The managed-care companies “are making a mint down here,” Douglas said. “They’re getting rich at the expense of the kids. This is not right.”
UnitedHealthcare made an operating profit of $236 million last year on revenue of $2.8 billion in its Tennessee Medicaid business, according to state filings. Anthem’s operating profit for TennCare came to $53 million on revenue of $946 million. BlueCross’s operating profit for TennCare was $121 million on revenue of $1.8 billion. Those results do not include expenses for taxes, depreciation and other items not directly related to health coverage.
“Our care teams worked with the family and with [Charla Douglas’s] physicians and other providers to assure that her services were appropriate,” UnitedHealthcare said in a statement. The plan followed TennCare’s contract and care guidelines, it said.

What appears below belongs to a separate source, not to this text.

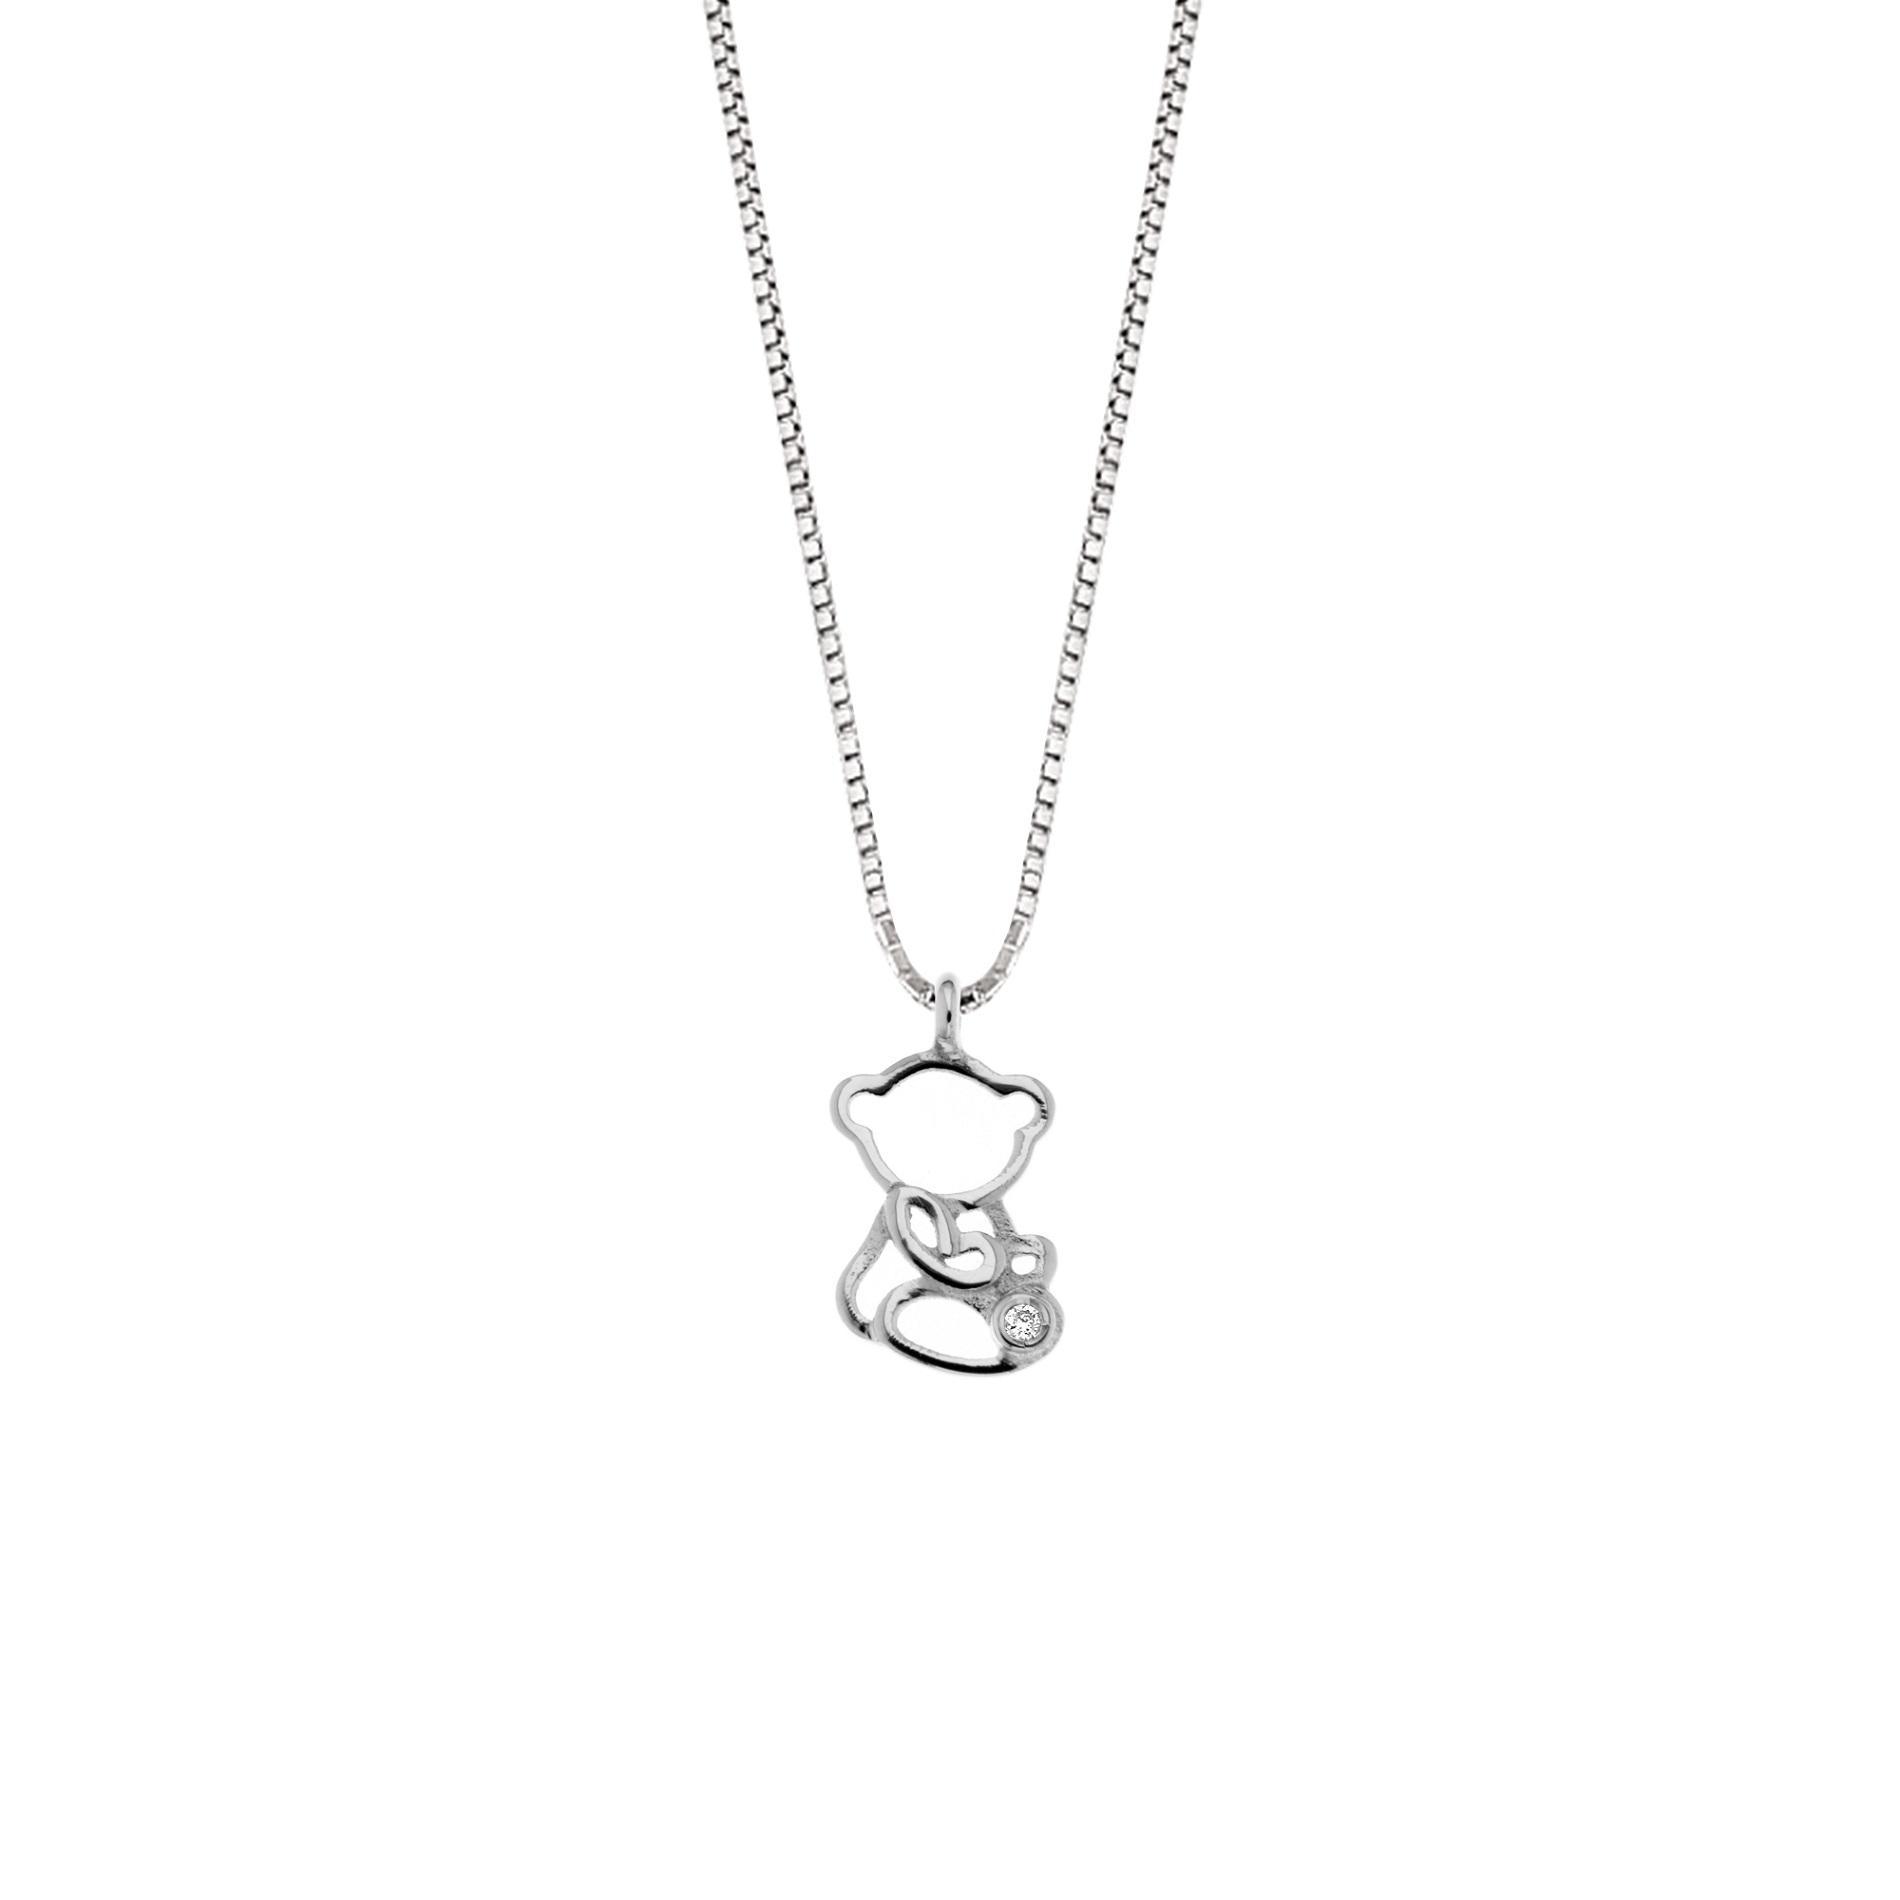 Lantisor din aur 18K cu pandantiv ursulet cu diamant 0,005 ct., model Orsini 0433CI

Gordon, the TennCare director, rejects suggestions that managed-care networks are inadequate or that contractors deny needed care.
TennCare members sometimes have trouble seeing specialists, but so do patients in commercial plans, he said. Like many state Medicaid directors, he wonders how HHS can publish network rules for 50 states with widely varying geographies and health systems.
He also doesn’t accept that Medicaid plans need rules that limit profits and force them to spend a minimum portion of revenue on medical care. Written the wrong way, the standard could discourage spending on coordinators who improve care quality at decreased cost, he said.
“Yeah, we’re a little concerned,” he said. “There are some things that we think may have adverse effects.”